Siento mucho orgullo, de tener un hijo como él. Y, sólo espero que sea feliz, en un mundo absolutamente egoísta y lleno de competencias avasallantes y cargado de metas infinitas, locas, solo vale ganar por encima de los demás, no importa como. Se nos olvidó hacer la pausa, sonreír y sobre todo no somos conscientes que la vida solo es una. Buena mar hijo…eres capaz de lograr lo que deseas, de eso estoy seguro y no olvide su madre siempre está a tu lado, siempre.
lunes, 9 de septiembre de 2024
UNA NOCHE SIN LUNA DAI SIJE
Por sugerencia de Fredy Ochoa de la biblioteca EPM de Medellín y a través de una exposición de los mejores libros de literatura oriental, exactamente del pacifico asiático, China, Japón y Corea del sur, empecé a leer esta novela.
fuera de los textos más emblemáticos de la filosofía China, de Confucio, lao set y Mencio, mucha poesía ancestral de este país, siempre traída a colación por los amigos, y Mo Yan, nobel de literatura, es muy poco lo que conozco de literatura de esta parte del planeta. De igual manera he auscultado últimamente la lectura de literatura japonesa, Marukami, Banana Yoshimoto, Natsumen Soseki, Kawabata, Koshun Takami, Hiromi Kawakami y por supuesto, la más importante de esta literatura: "Historia de Genji" de Murasaki Schibu. Hablaré de la novela de Sijie de excelente factura, escrita con una prosa alucinante, que nunca cansa al lector, lo que dice mucho de un texto.
"Una noche sin luna" de Dai Sijie, escritor chino, cineasta, quien actualmente vive en Francia y escribe en este idioma, se le conoce sobre todo por su novela "Balzac y la joven costurera china". La mezcla de literatura y cine, en el marco textual, cuando se hace cine y se escribe literatura, el precipitado resulta siempre en una literatura muy exquisita, como si fuera escrita desde la poderosa esclerótica de una camara y las puestas en escena que cautivan al ojo humano se traducen en una narrativa excepcional y cautivante. La prosa de este autor es directa, sin barroquismos y arabescos, aun así, la trama que parte de una estudiante francesa que trabaja de interprete para los productores de la película "El último emperador" de Bertolucci. Un texto sagrado budista escrito en una lengua desaparecida sobre un rollo de seda, el cual sólo se conserva la mitad, en el museo de la ciudad prohibida en Pekin. La búsqueda de la mitad por parte de la joven traductora en compañía de un hijo carismático de la conservadora del museo, que les obliga a aprender el Tumchug, la lengua muerta, imprescindible para descifrar el enigma, cambiará drásticamente sus vidas.

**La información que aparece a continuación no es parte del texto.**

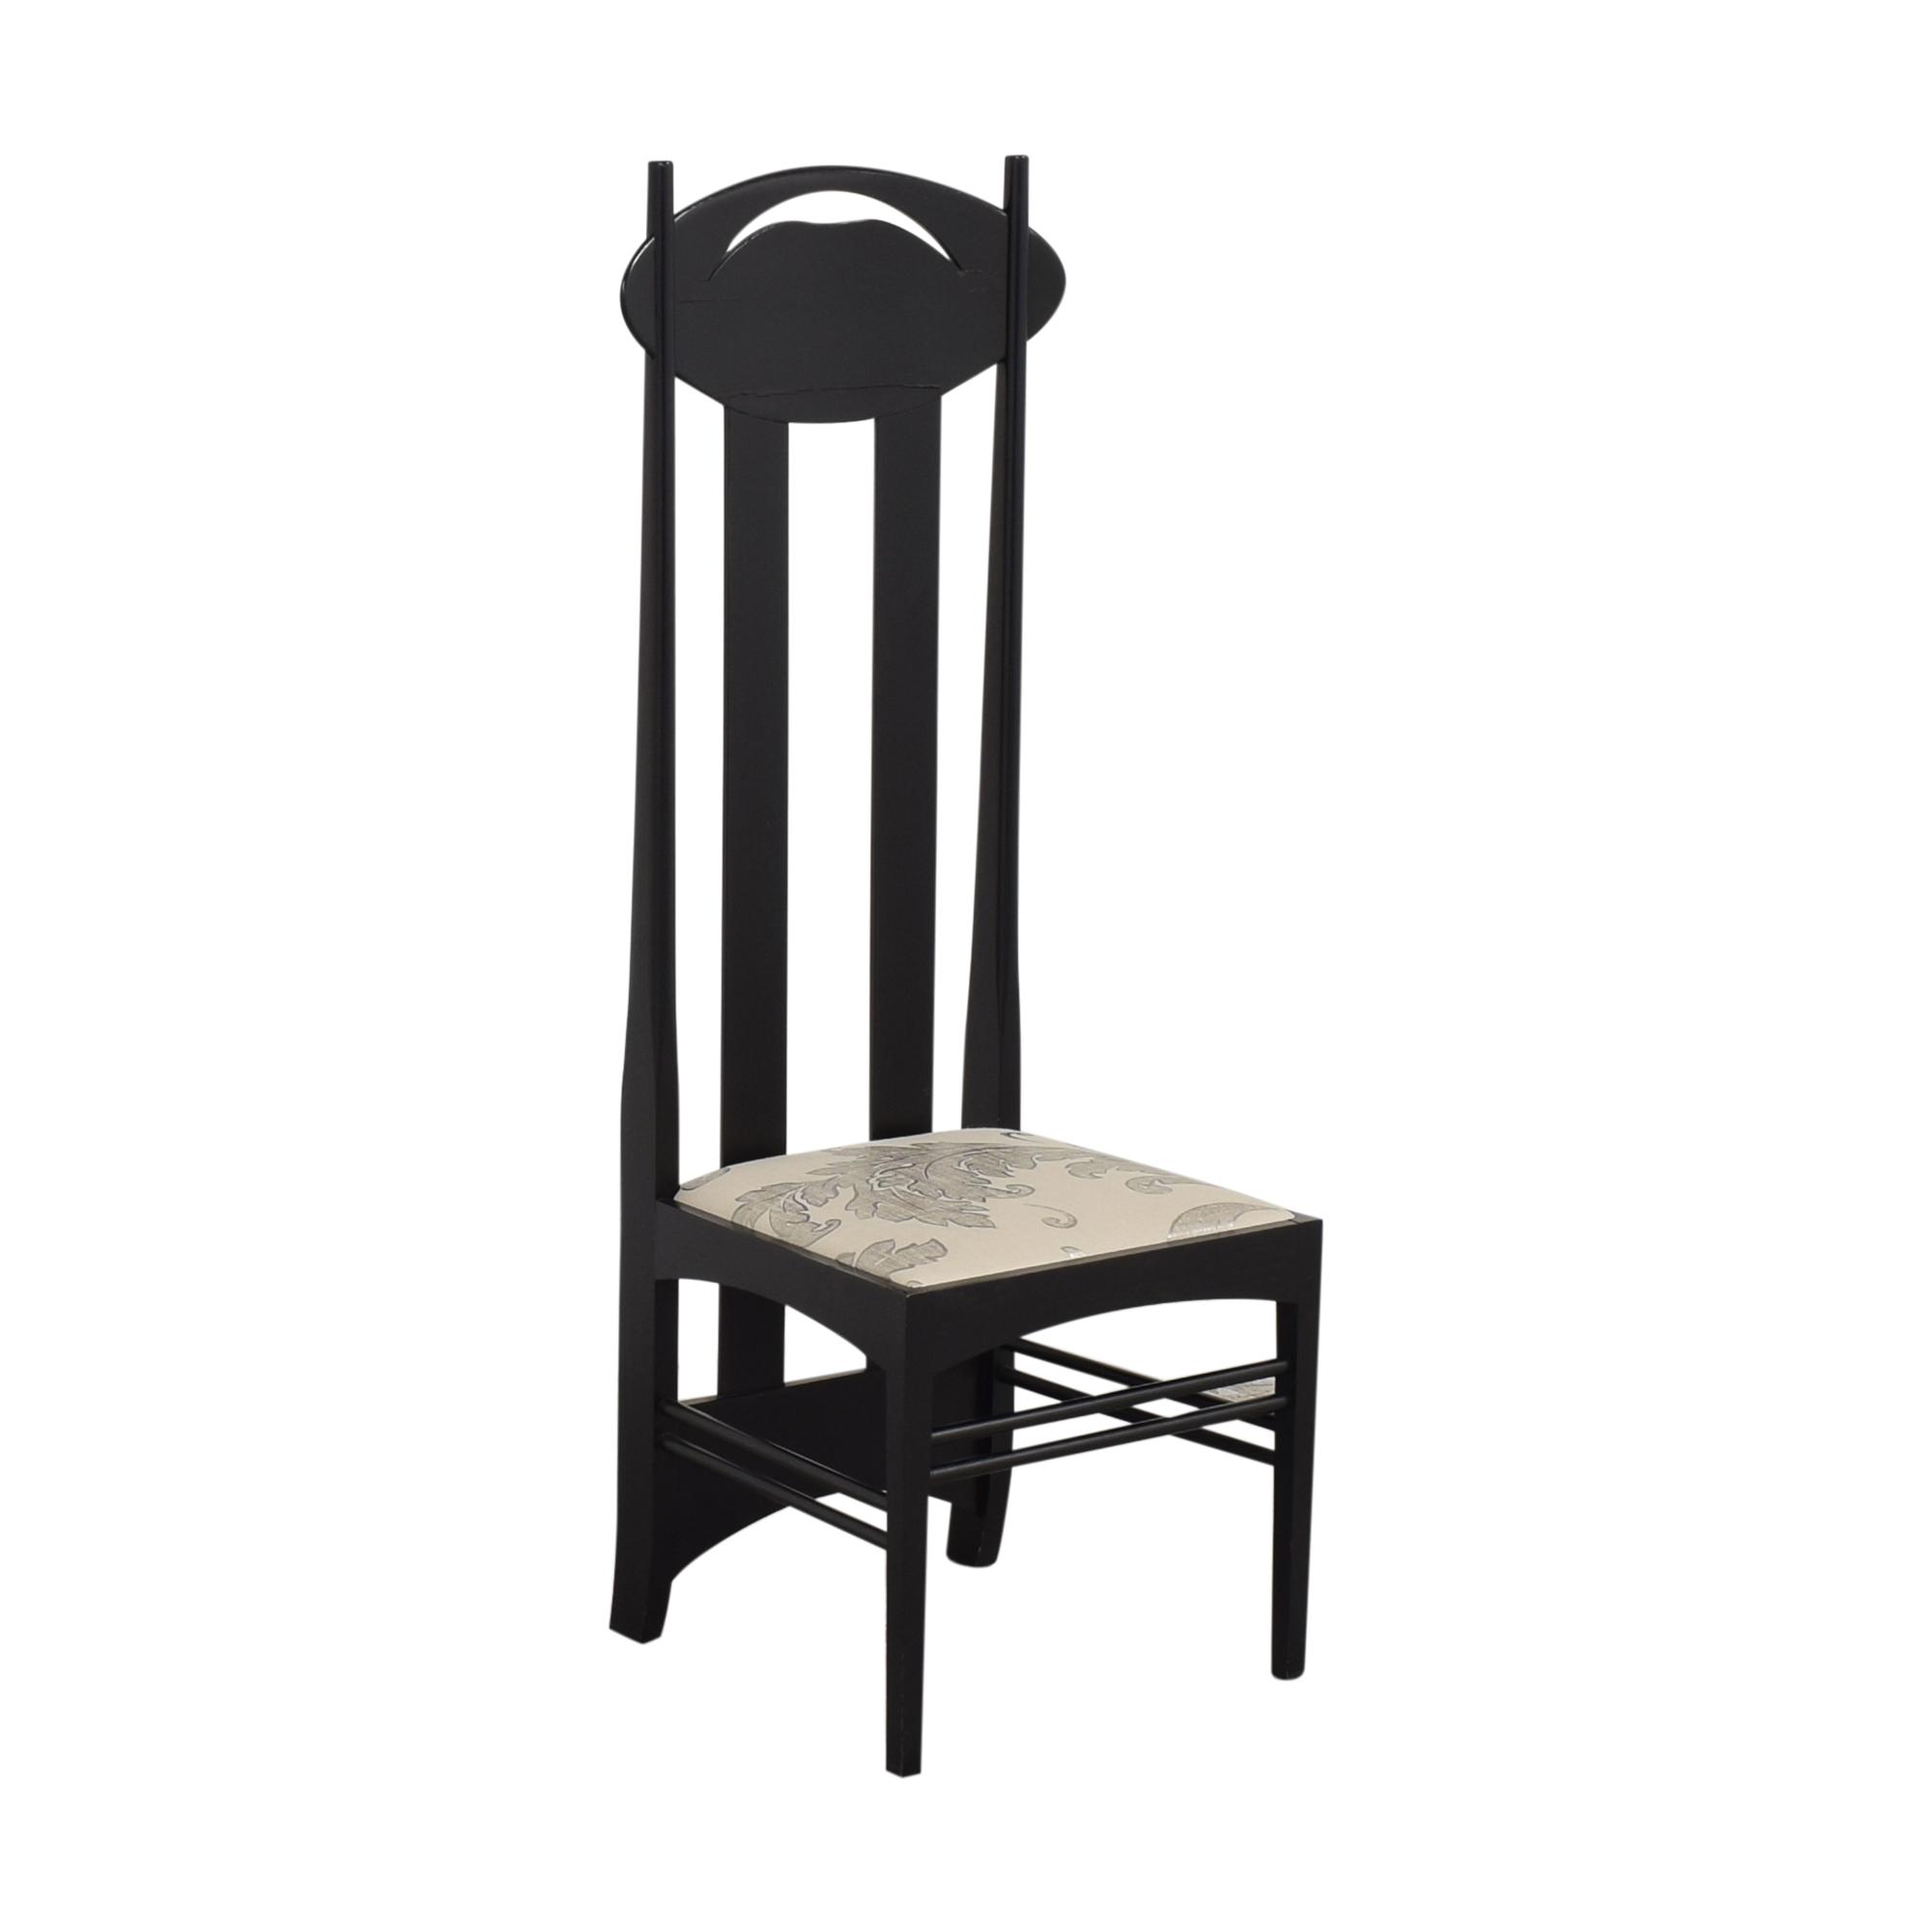 Cassina Cassina Mackintosh Argyle Chair Chairs

La novela también deja ver la cotidianidad de la vida en China en varias épocas y sobre todo en la revolución cultural, aspectos curiosos de los dos últimos emperadores: Guanxsu y Puyi, nombrados de manera sucesiva por su tía, la emperatriz Cixi, con treinta años de intervalo, quienes padecieron el mismo mal ambos: impotencia, lo que puso punto final a su dinastía. Realmente son muchos los datos históricos. La cadencia de la prosa del autor cautiva al lector, lo mantiene atento al texto. Recuerdo todos los esfuerzos de Octavio Paz por traernos a través de traducciones la poesía China. En algún escrito refiriéndose a este esfuerzo escribió, en relación con el poeta Tu Fu: "Su principal interés es mostrar cómo la oposición entre historia y naturaleza, luego de plantearse como en el mundo occidental, se invierte, se disuelve, para finalmente dar “distintos acordes del mismo ritmo cósmico”, pero sin que predomine una sobre la otra. La dualidad se expresa formalmente en los dísticos, según las reglas poéticas del género, lo que permite a Tu Fu, al final del poema, introducir otra oposición entre vida pública y vida privada, entre historia e intimidad, lo que, según Paz, se resuelve con una pincelada de humor en una sonrisa que hubiera aprobado Montaigne: “la calvicie incipiente del poeta —emblema del tiempo— cierra la serie de oposiciones con un acorde que las engloba a todas”. Las visiones del mundo occidental difieren sustancialmente de las de oriente, en este caso china, por ínfimas razones, esto es lo que hace leer a autores de esta parte absolutamente encantador.
Aconsejo leer esta novela que ya se encuentra traducida y está publicada por editorial "Salamandra.